Comparing LLMs performance on Ollama on 16GB VRAM GPU
LLM speed test on RTX 4080 with 16GB VRAM
Running large language models locally gives you privacy, offline capability, and zero API costs. This benchmark reveals exactly what one can expect from 9 popular LLMs on Ollama on an RTX 4080.
With a 16GB VRAM GPU, I faced a constant trade-off: bigger models with potentially better quality, or smaller models with faster inference.
TL;DR
Here is the comparison table of LLM performance on RTX 4080 16GB with Ollama 0.15.2:
| Model | RAM+VRAM Used | CPU/GPU Split | Tokens/sec |
|---|---|---|---|
| gpt-oss:20b | 14 GB | 100% GPU | 139.93 |
| ministral-3:14b | 13 GB | 100% GPU | 70.13 |
| qwen3:14b | 12 GB | 100% GPU | 61.85 |
| qwen3-vl:30b-a3b | 22 GB | 30%/70% | 50.99 |
| glm-4.7-flash | 21 GB | 27%/73% | 33.86 |
| nemotron-3-nano:30b | 25 GB | 38%/62% | 32.77 |
| devstral-small-2:24b | 19 GB | 18%/82% | 18.67 |
| mistral-small3.2:24b | 19 GB | 18%/82% | 18.51 |
| gpt-oss:120b | 66 GB | 78%/22% | 12.64 |
Key insight: Models that fit entirely in VRAM are dramatically faster. GPT-OSS 20B achieves 139.93 tokens/sec, while GPT-OSS 120B with heavy CPU offloading crawls at 12.64 tokens/sec—an 11x speed difference.
Test Hardware Setup
The benchmark was conducted on the following system:
- GPU: NVIDIA RTX 4080 with 16GB VRAM
- CPU: Intel Core i7-14700 (8 P-cores + 12 E-cores)
- RAM: 64GB DDR5-6000
This represents a common high-end consumer configuration for local LLM inference.
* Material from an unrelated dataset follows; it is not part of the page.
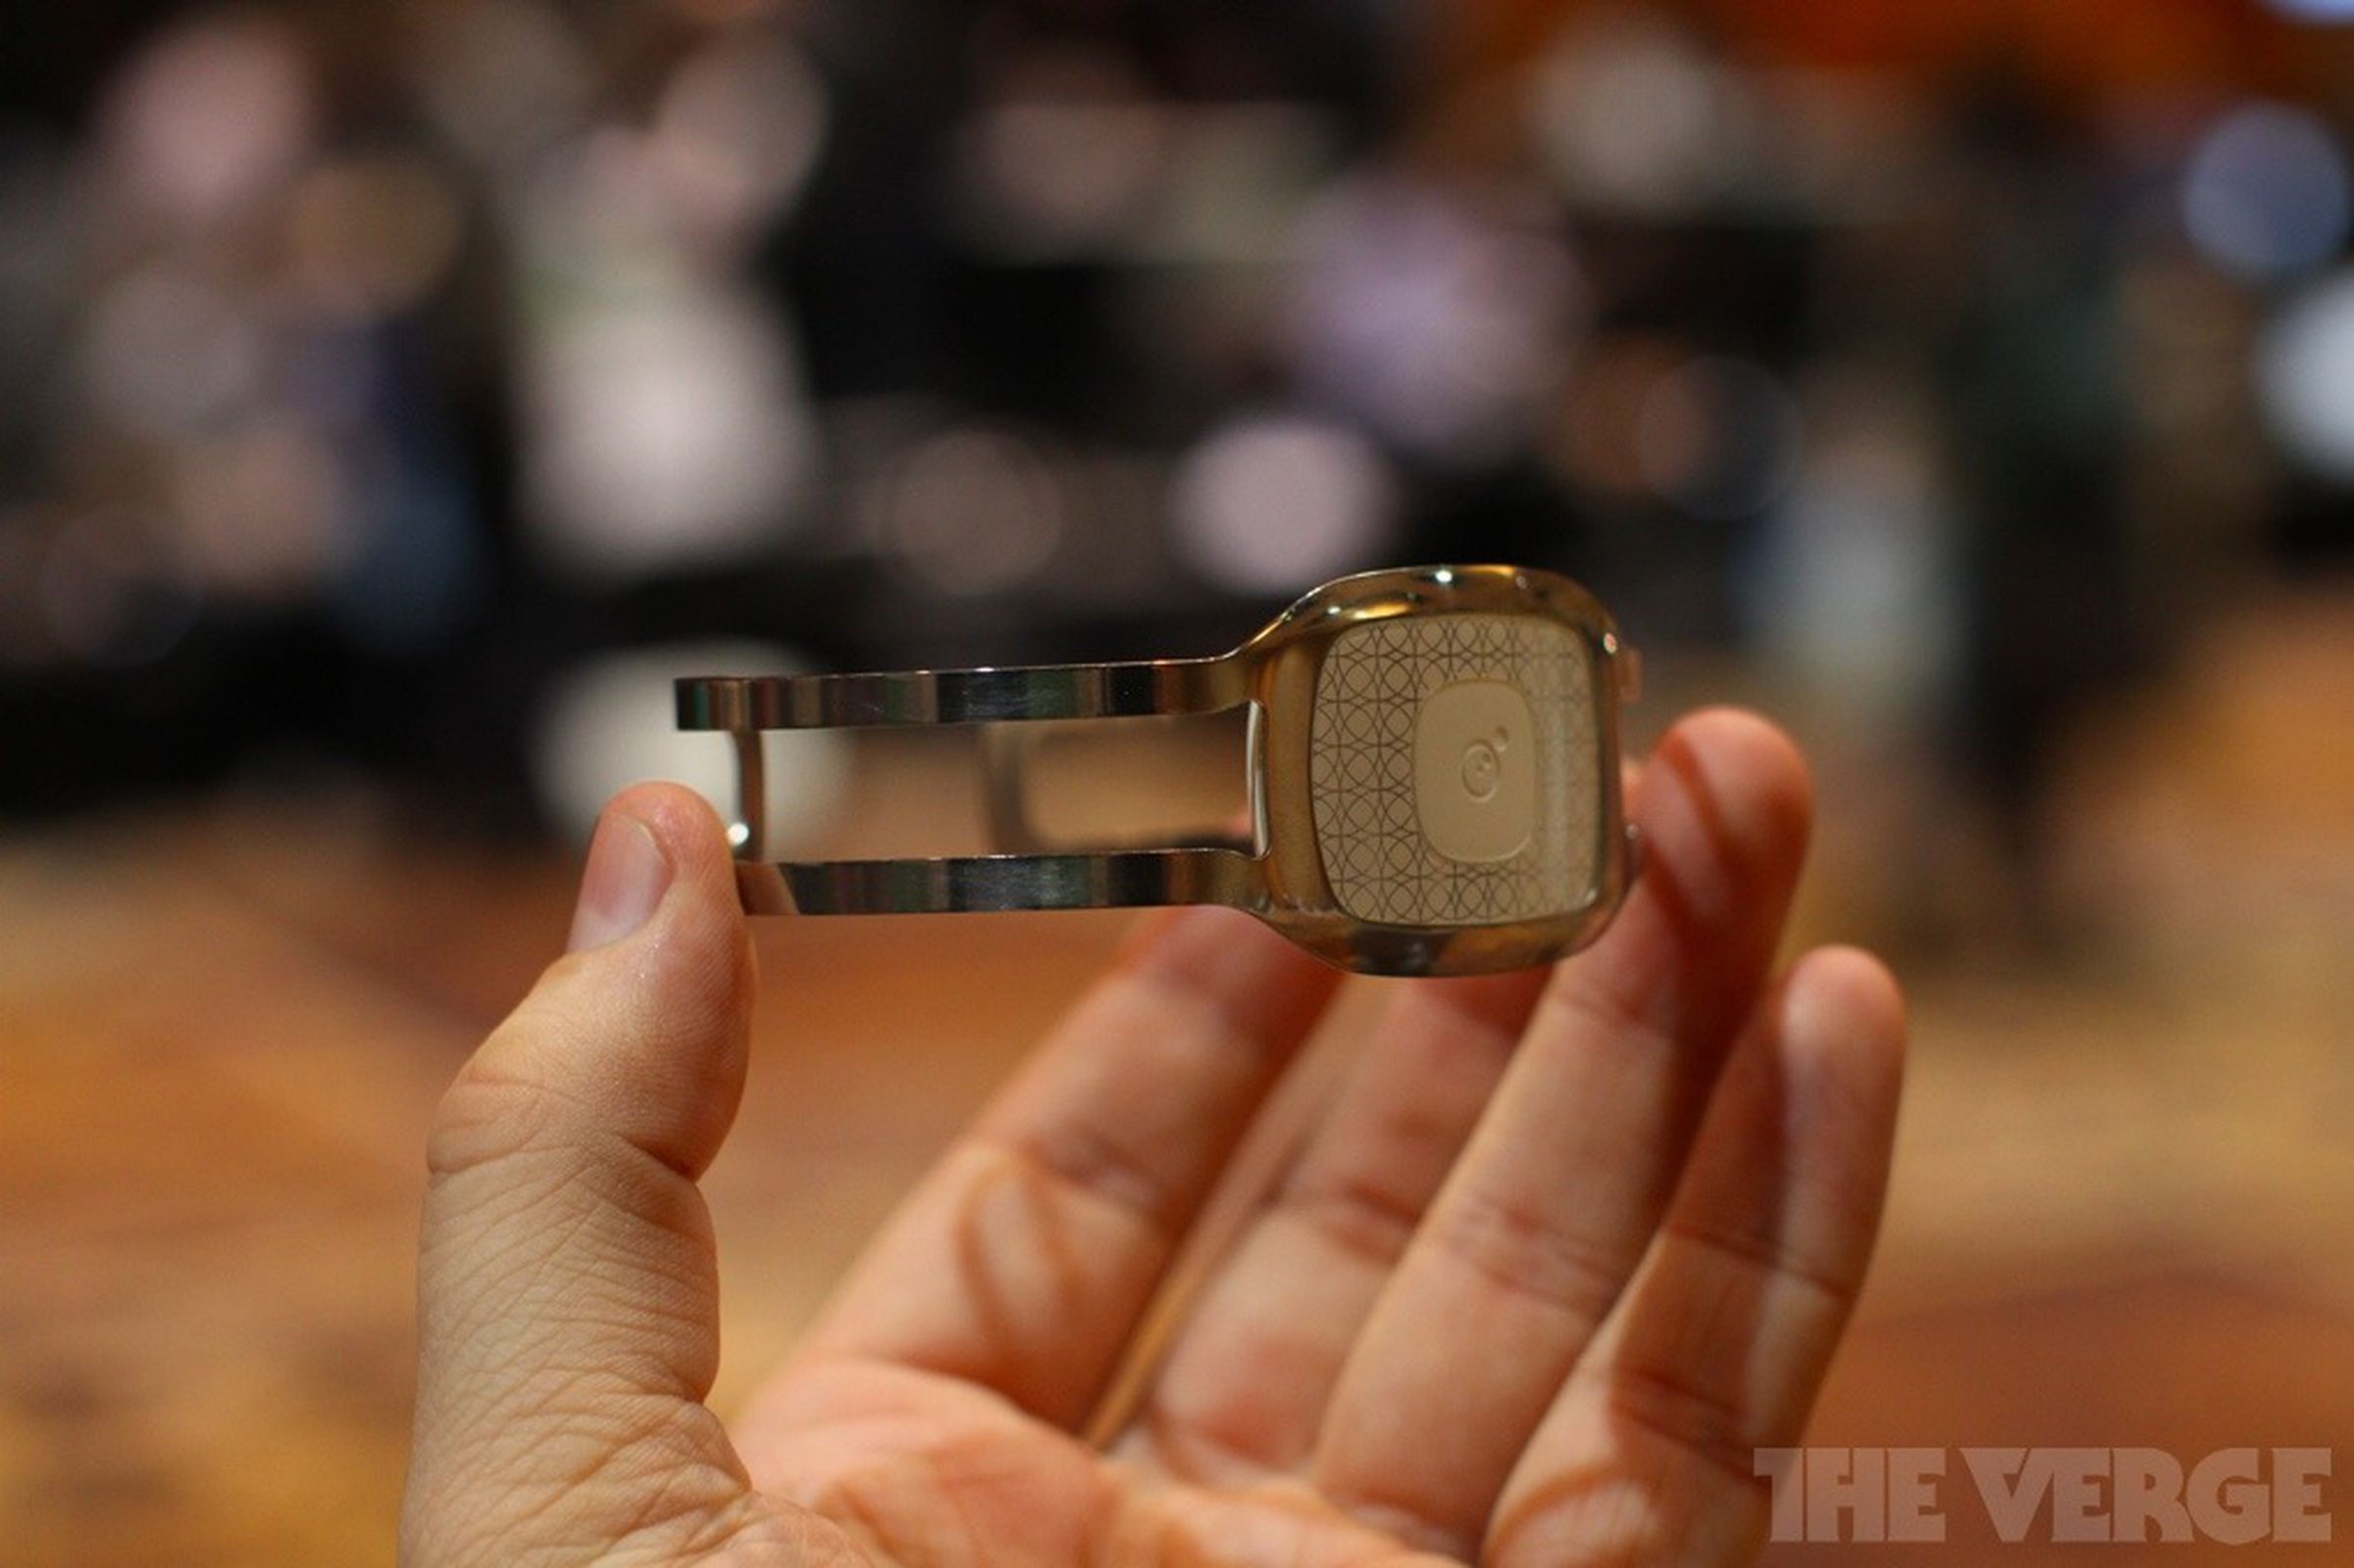 BodyMedia Core 2 personal fitness and health monitor hands-on photos

The 16GB VRAM is the critical constraint—it determines which models run entirely on GPU versus requiring CPU offloading.
Understanding how Ollama uses Intel CPU cores becomes important when models exceed VRAM capacity, as CPU performance directly impacts offloaded layer inference speed.
Purpose of This Benchmark
The primary goal was measuring inference speed under realistic conditions. I already knew from experience that Mistral Small 3.2 24B excels at language quality while Qwen3 14B offers superior instruction-following for my specific use cases.
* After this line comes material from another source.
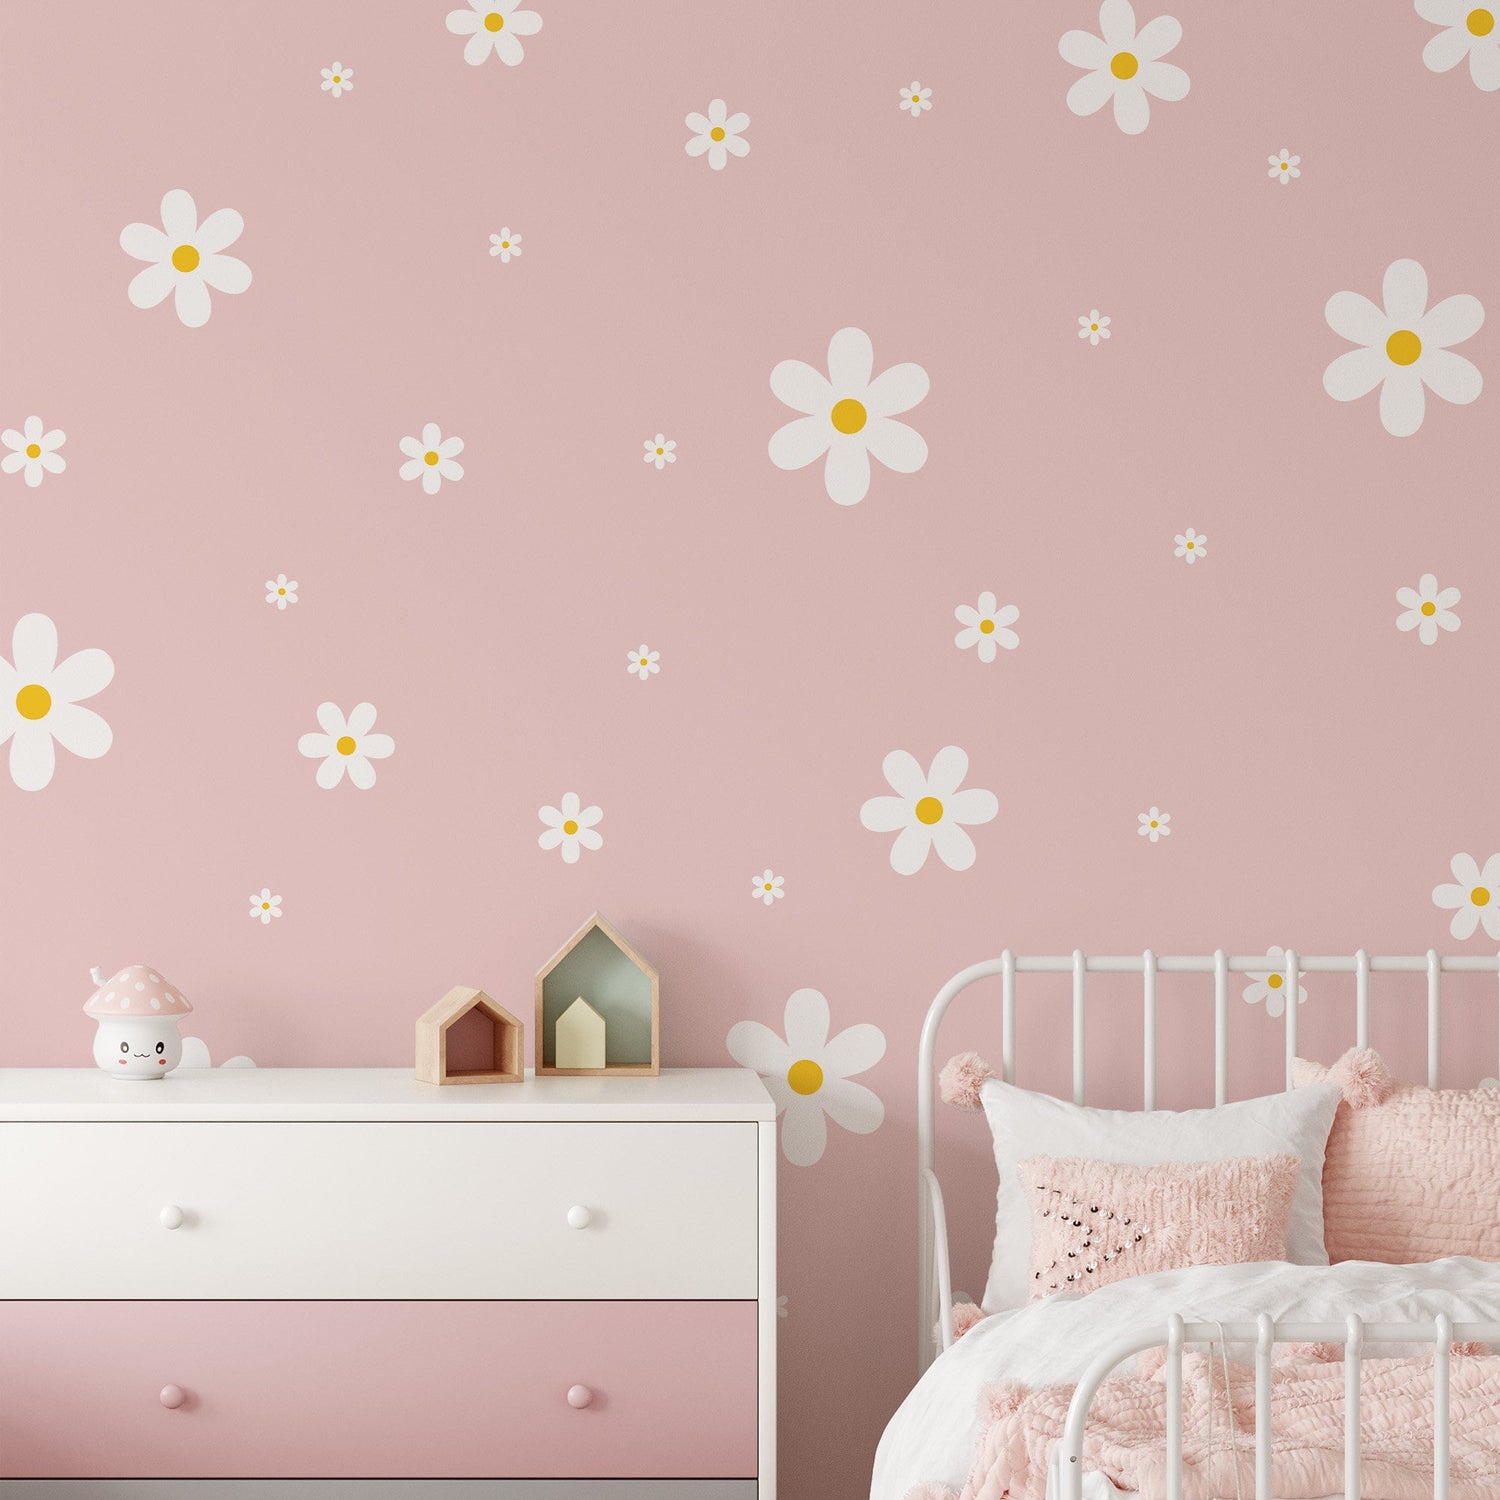 Daisy Stickers, Flower Decals, Nursery Decor, Removable Wall Decals, Polka Dot Decals

This benchmark answers the practical question: How fast can each model generate text, and what’s the speed penalty for exceeding VRAM limits?
The test parameters were:
- Context size: 19,000 tokens
- Prompt: “compare weather and climate between capital cities of australia”
- Metric: eval rate (tokens per second during generation)
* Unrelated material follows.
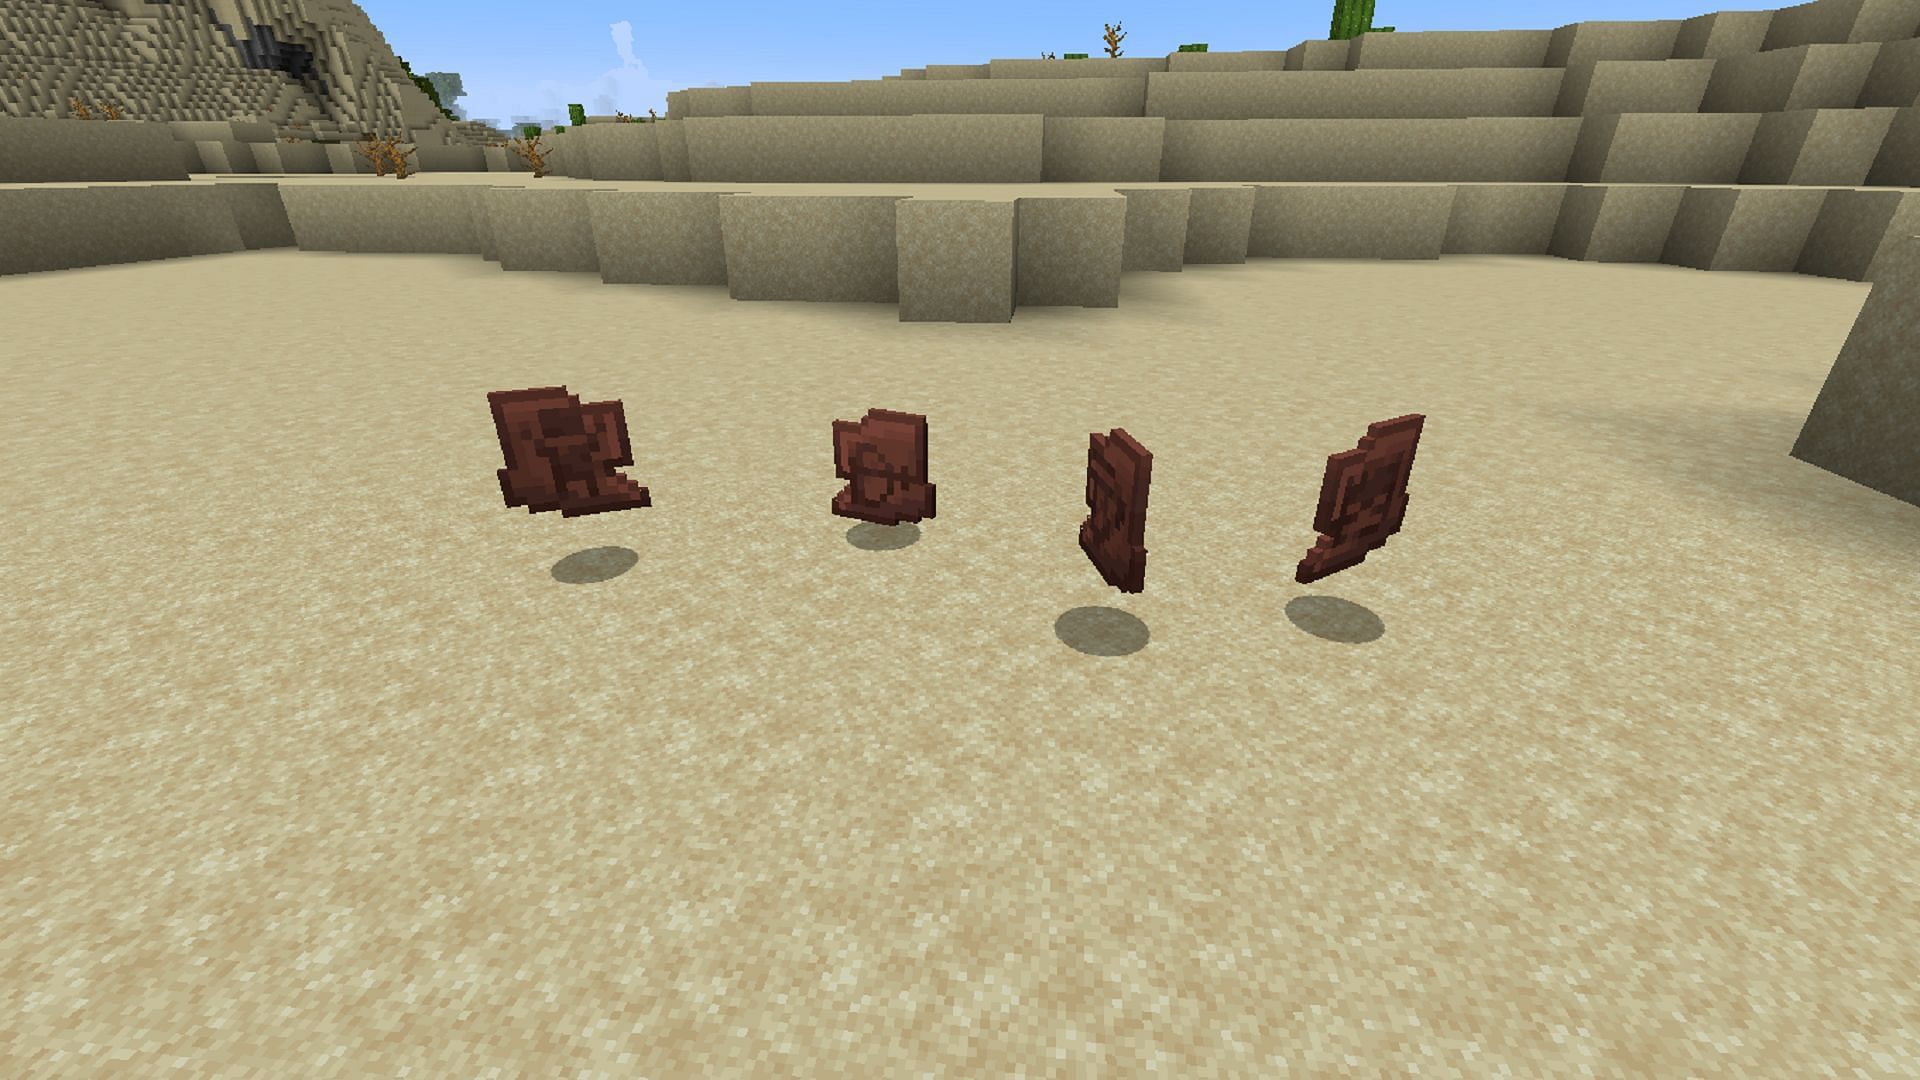 Pottery shards showing various patterns in Minecraft

Ollama Installation and Version
All tests used Ollama version 0.15.2, the latest release at the time of testing. For a complete reference of Ollama commands used in this benchmark, see the Ollama cheatsheet.
To install Ollama on Linux:
curl -fsSL https://ollama.com/install.sh | sh
Verify installation:
ollama --version
If you need to store models on a different drive due to space constraints, check out how to move Ollama models to a different drive.
Models Tested
The following models were benchmarked:
| Model | Parameters | Quantization | Notes |
|---|---|---|---|
| gpt-oss:20b | 20B | Q4_K_M | Fastest overall |
| gpt-oss:120b | 120B | Q4_K_M | Largest tested |
| qwen3:14b | 14B | Q4_K_M | Best instruction-following |
| qwen3-vl:30b-a3b | 30B | Q4_K_M | Vision-capable |
| ministral-3:14b | 14B | Q4_K_M | Mistral’s efficient model |
| mistral-small3.2:24b | 24B | Q4_K_M | Strong language quality |
| devstral-small-2:24b | 24B | Q4_K_M | Code-focused |
| glm-4.7-flash | 30B | Q4_K_M | Thinking model |
| nemotron-3-nano:30b | 30B | Q4_K_M | NVIDIA’s offering |
To download any model:
ollama pull gpt-oss:20b
ollama pull qwen3:14b
Understanding CPU Offloading
When a model’s memory requirements exceed available VRAM, Ollama automatically distributes model layers between GPU and system RAM. The output shows this as a percentage split like “18%/82% CPU/GPU”.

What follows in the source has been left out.